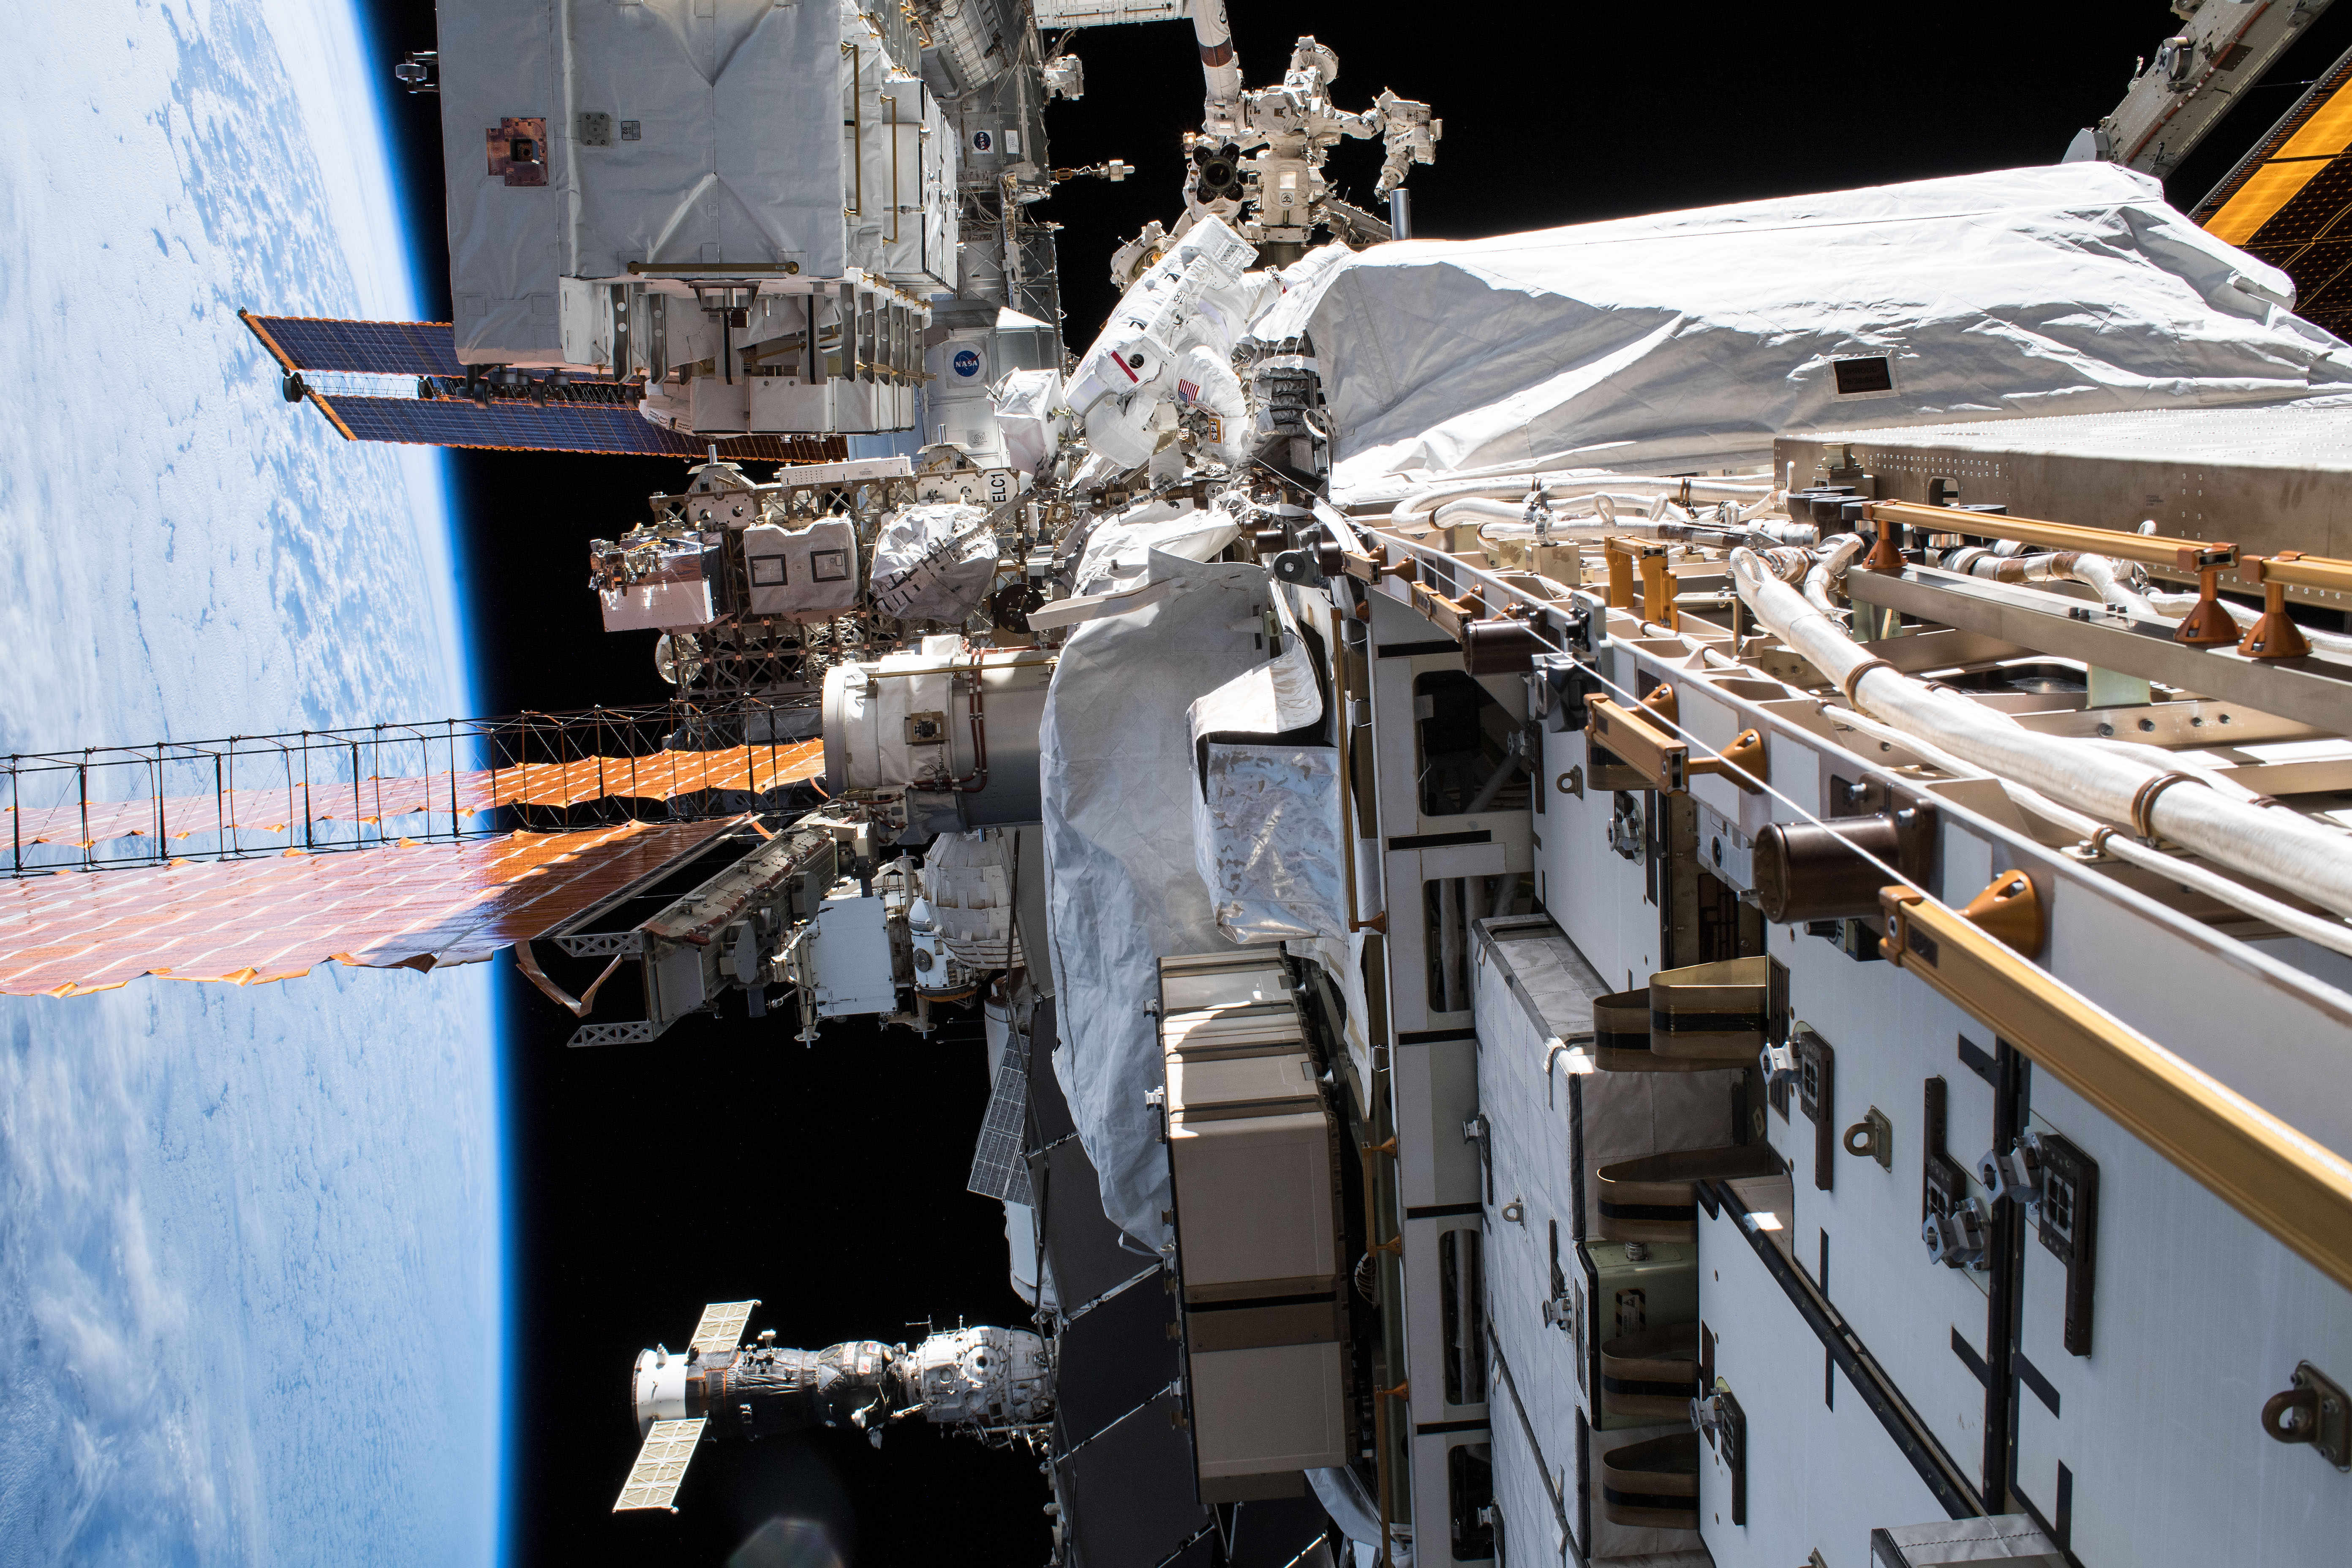 Предложено построить российскую космическую станцию. МКС предсказали печальную судьбу
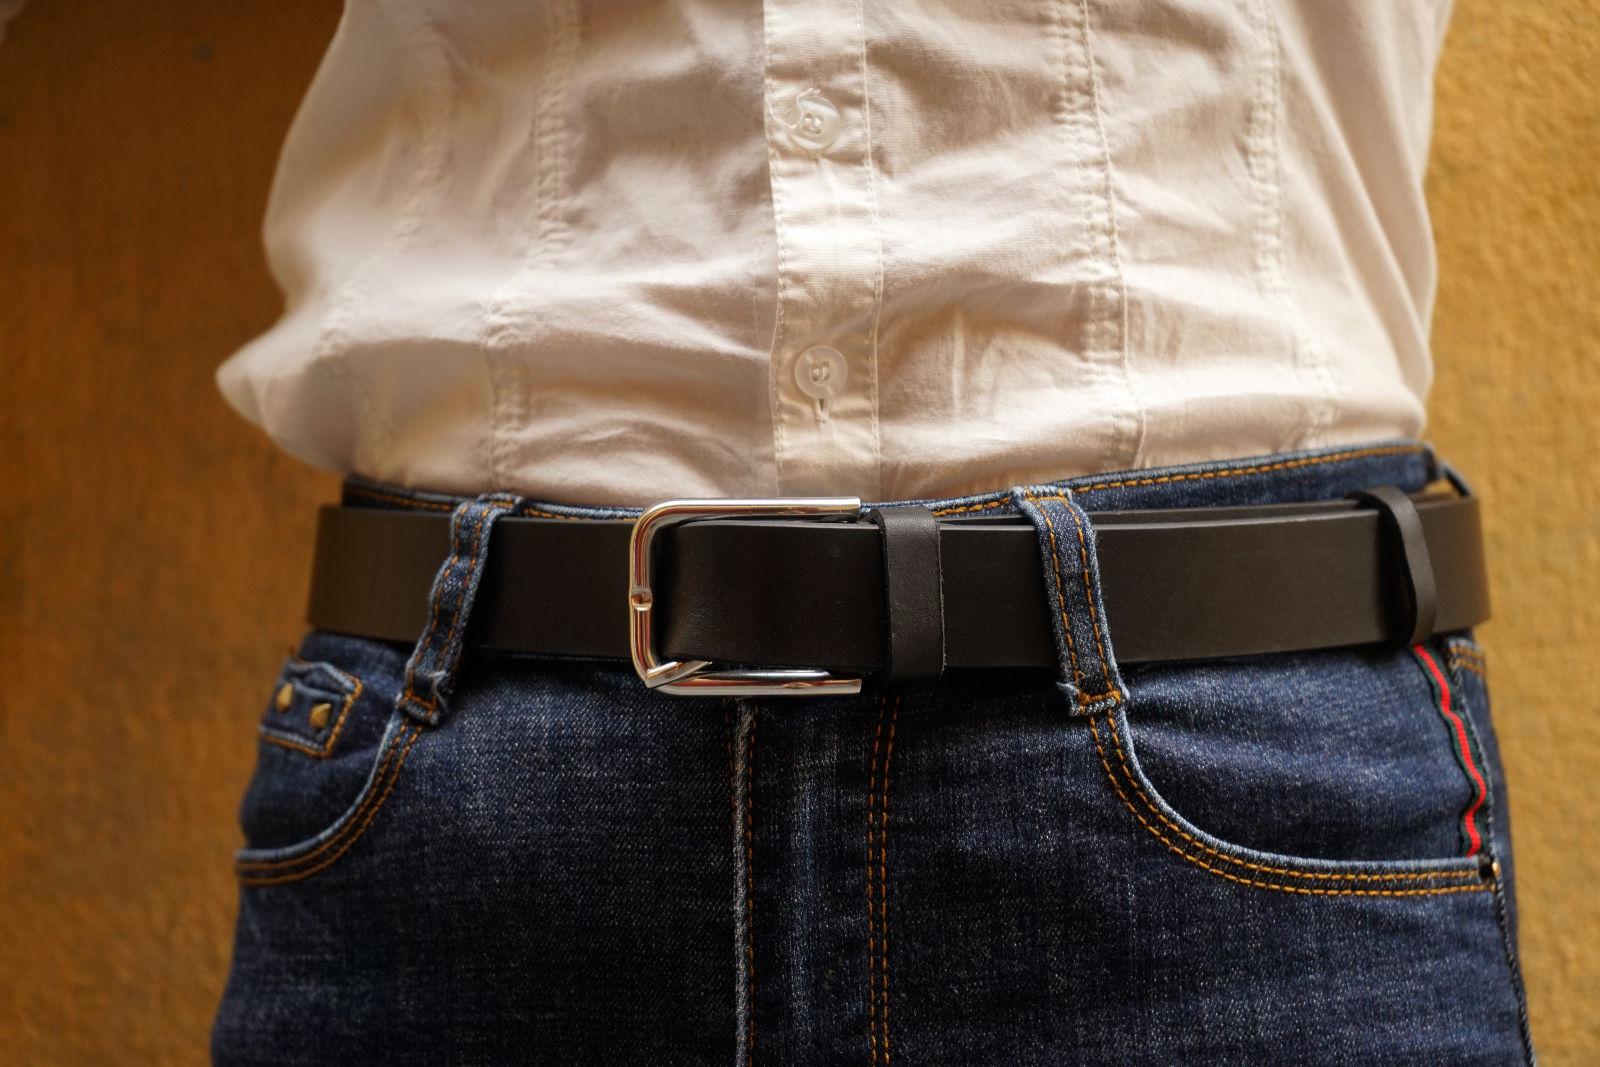 Hoi An Real Leather - Da Bao Real Leather: Classic black buffalo leather belt
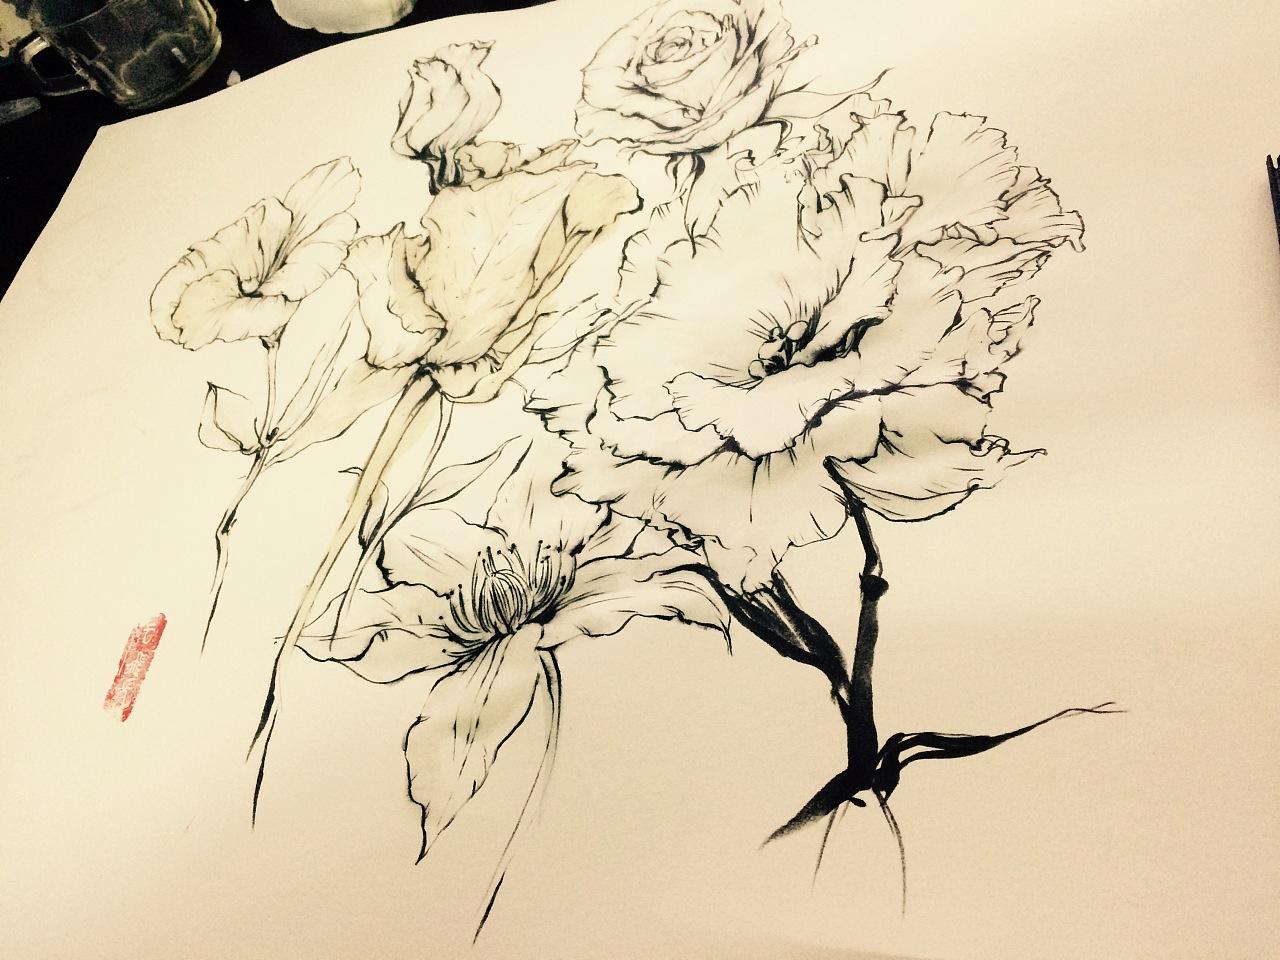 花卉植物动物线条水墨画|纯艺术|国画|kong2dog
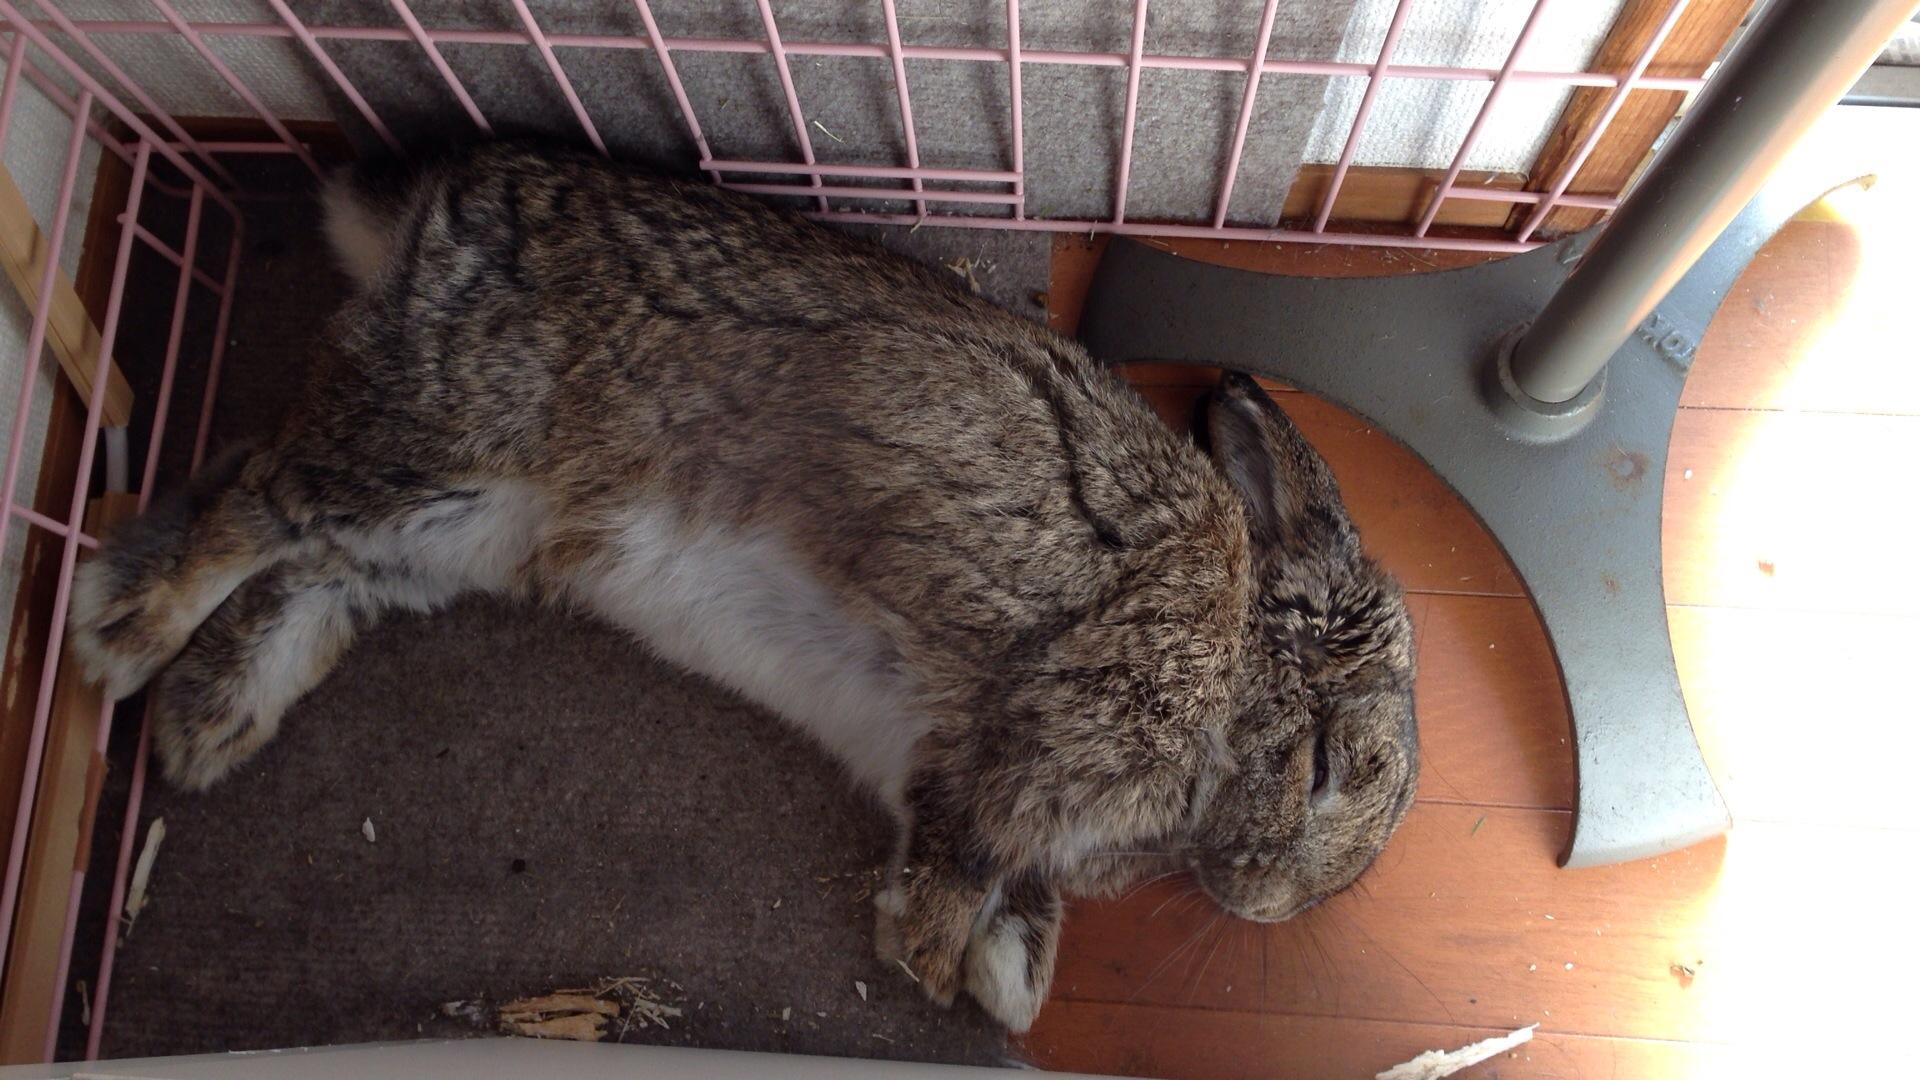 【ズボラ女子とわがままウサギ vol.4】食欲不振は緊急事態! ウサギの不調の見分け方

#### [Action item]
Set down the line containing "Hoi An Real" and every line after it up to the end of the material, exactly as written, but not the pictures.

#### [Answer box]
 Hoi An Real Leather - Da Bao Real Leather: Classic black buffalo leather belt
 花卉植物动物线条水墨画|纯艺术|国画|kong2dog
 【ズボラ女子とわがままウサギ vol.4】食欲不振は緊急事態! ウサギの不調の見分け方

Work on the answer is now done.